Different studies had different criteria about the definition of LARC. The commonly used MERCURY research defines LARC as: T3c, T3d or T4 rectal cancer. EXPERT study is defined as rectal cancer with T1-4 N2, low T3 and T4 and suspicious positive circumferential margin. The German standard is: Any rectal cancer with T, N+ or T3 or T4.

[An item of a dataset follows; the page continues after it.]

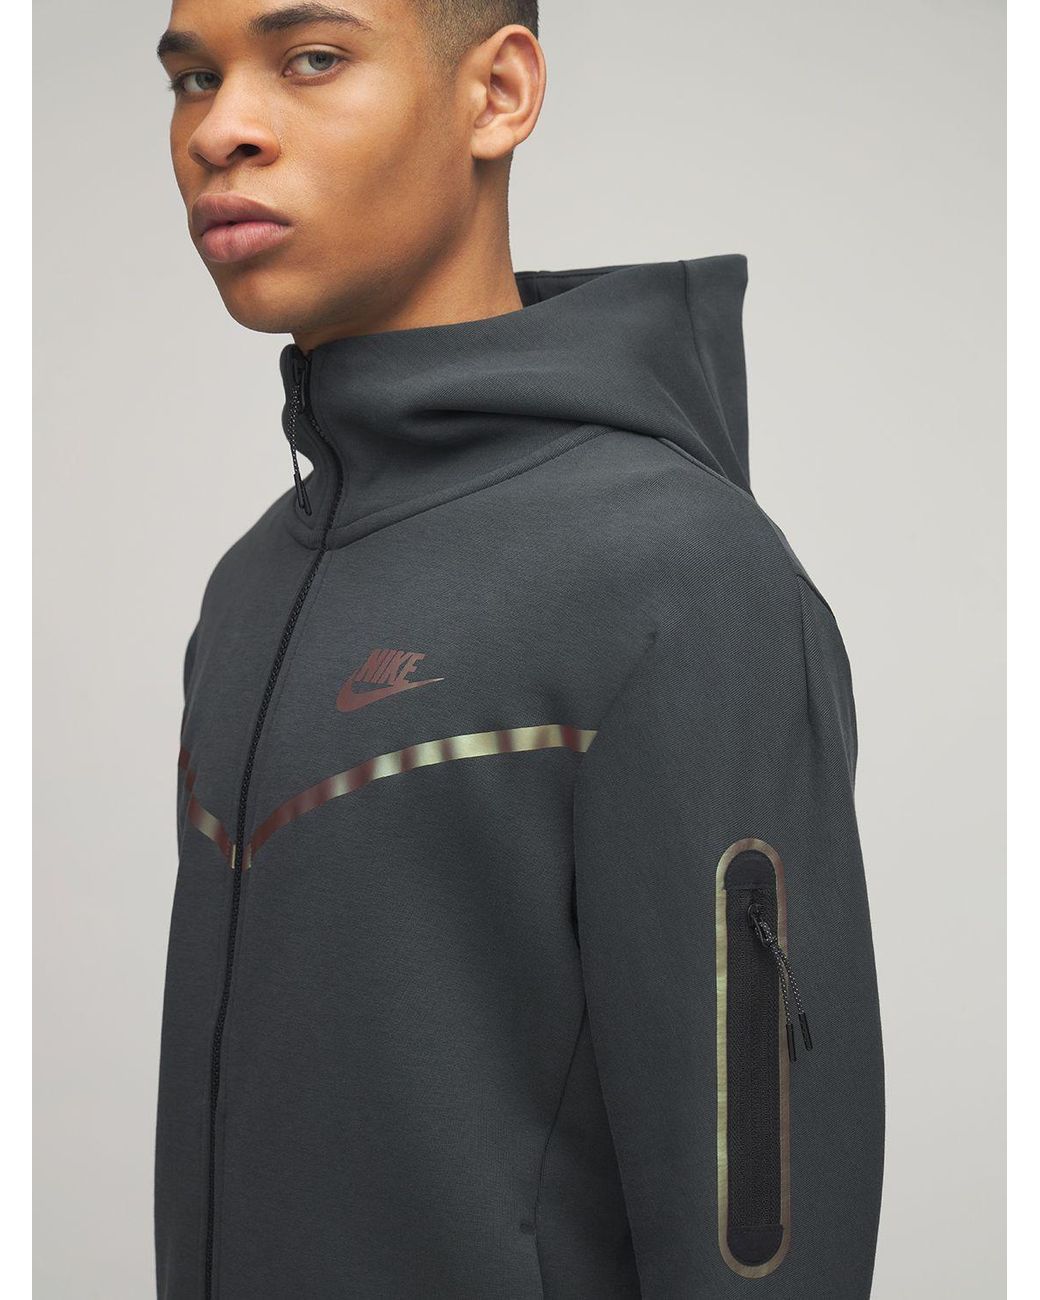 Nike Tech Fleece Iridescent Zip Up Sweatshirt in Black for Men | Lyst

Data extraction and quality assessment
Two researchers (Yan WX and Xiong ZY) reviewed the abstract and full text of each publication identified in the search, and used the inclusion and exclusion criteria to identify eligible studies. If there was a disagreement about the eligibility of a publication, a third researcher (Li N) was consulted to reach a resolution. If the inclusion criteria were met, the two researchers read the full text to determine whether it was eligible. The extracted contents included: Basic information, including baseline data (country, publication year, number of patients, age, sex, TNM stage, tumor location, type and sequence of radiotherapy and chemotherapy, PD-L1 score, MMR status), main results [major pathological response (MPR), clinical complete response (CCR), and pCR] and secondary results (adverse effects, rate of R0 resection, and rate of anus-preserving surgery). Because not all the included studies were randomized controlled studies, the ROBINS-I tool was used to evaluate study quality. The therapies described in each study were independently evaluated by two researchers (Yan WX and Yuan HQ). If they had a difference of opinion regarding the eligibility of a study, a third researcher (Li N) was consulted to reach a resolution. All included studies had high quality and were suitable for a systematic meta-analysis.
Statistical analysis
The primary endpoints were MPR, CCR, and pCR, and the secondary endpoints were adverse effects, rate of R0 resection, and rate of anus-preserving surgery. Statistical analysis was performed using Stata version 11.0 and RevMan version 5.3. The odds ratio (OR) and relative risk (RR) were reported with 95% confidence intervals, and a difference was considered significant if the P value was less than 0.05. The Q test and I2 test were used to evaluate the heterogeneity of included studies, and the results were used to determine which statistical test should be used for comparisons. If P was greater than 0.1 or I2 was less than 50%, the studies were considered homogeneous and a fixed-effect model was used for analysis. If P value was less than 0.1 or I2 was 50% or more, the studies were considered heterogeneous, and a random effect model was used for analysis. If the heterogeneity of studies was statistically significant, the possible reasons for this heterogeneity were examined by subgroup analysis. Funnel plots were also used to assess publication bias, and a P value below 0.05 in Egger’s test was considered significant.
RESULTS
Literature retrieval
We initially retrieved 494 publications, and an initial analysis indicated that 406 of these publications were unsuitable. After reading the title, abstract, full text, and application of the inclusion and exclusion criteria, we ultimately included 15 publications (Figure 1). Application of the ROBINS-I tool indicated that the quality of all 15 studies had high quality and was suitable for systematic meta-analysis (Figure 2).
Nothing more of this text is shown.